2002 war in einer Analyse für EADS von der „roten Vier“ die Rede: Alfred Gusenbauer, Heinz Fischer, Rudolf Edlinger, Josef Cap, die als die Einflussreichsten in der Bundes-SPÖ beschrieben wurden. Diese befand sich in Opposition, als Schwarzblau sich dafür entschied, Eurofighter anzuschaffen, um die bisher verwendeten Saab Draken zu ersetzen. Für den derzeit stattfindenden 2. Eurofighter-U-Ausschuss ist von Bedeutung, wie es dazu kam, dass SPÖ-Verteidigungsminister Norbert Darabos 2007 einen Vergleich mit EADS aushandelte, nachdem Gusenbauer zuvor im Wahlkampf als „Sozialfighter statt Eurofighter“ verkauft wurde. Insbesondere die Grünen sind bestrebt, der ÖVP den Schwarzen Peter zuzuschieben und Darabos als Opfer schwarzer Intrigen hinzustellen. Wann immer aber Peter Pilz den „Aufdecker“ mimt, ist Vorsicht angesagt, da man davon ausgehen kann, dass vom wirklich Wichtigen abgelenkt wird.

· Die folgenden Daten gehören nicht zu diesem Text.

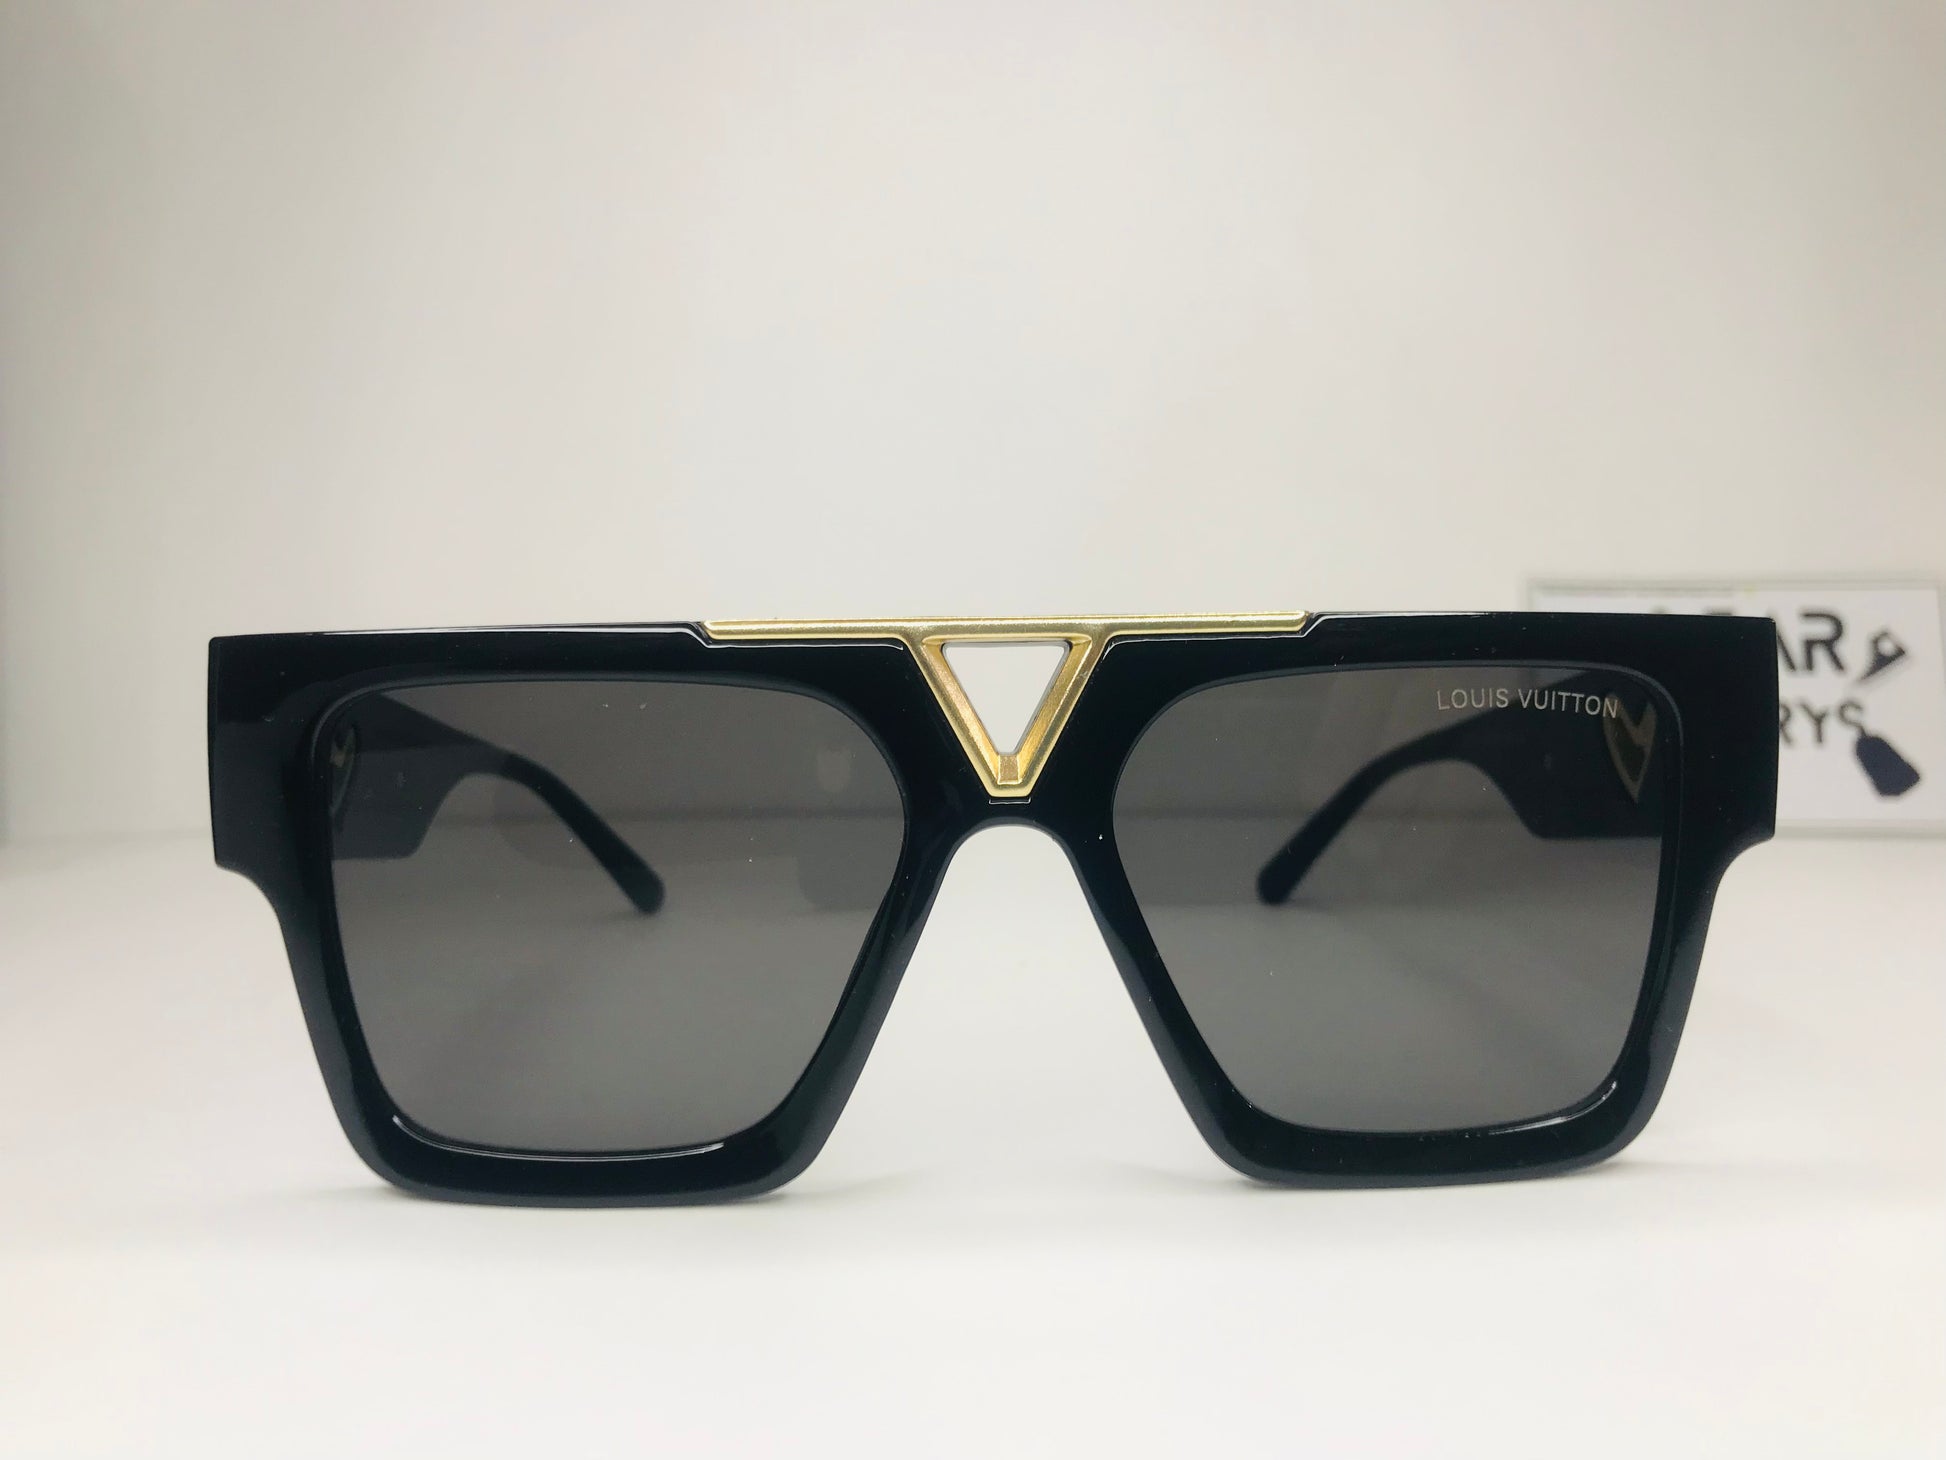 Lv newest sunglasses - WEARLUXURYSWEARLUXURYSnull

Um die wahre Rolle des Verteidigungsministers und jene von Bundeskanzler Gusenbauer zu verstehen, muss man sich mit den Ereignissen befassen, als die SPÖ in Opposition war bzw. dann wieder in die Regierung kam. Entgegen der Darstellung eines quasi über Nacht  zusammengestellten roten Regierungsteams war, wie EADS-Mails belegen,  schon einen Monat vor der Angelobung klar, dass Darabos Verteidigungsminister werden soll. Man gab ihm den bisherigen SPÖ-Klubsekretär Stefan Kammerhofer als Kabinettschef mit, was auch insofern von Bedeutung ist, als dass er eine „Personalleihe“ der ÖBB darstellte. Kammerhofer schottete Darabos von Personen und Informationen ab, was einige in der SPÖ zur Ansicht verleitete, der Minister habe ihm das Regieren überlassen. Dies ist jedoch verfassungs- und rechtswidrig und zieht u.a. den Verdacht des Amtsmissbrauchs gegen Darabos mit sich, sodass von Druck auf den Minister und Rundumüberwachung auszugehen ist.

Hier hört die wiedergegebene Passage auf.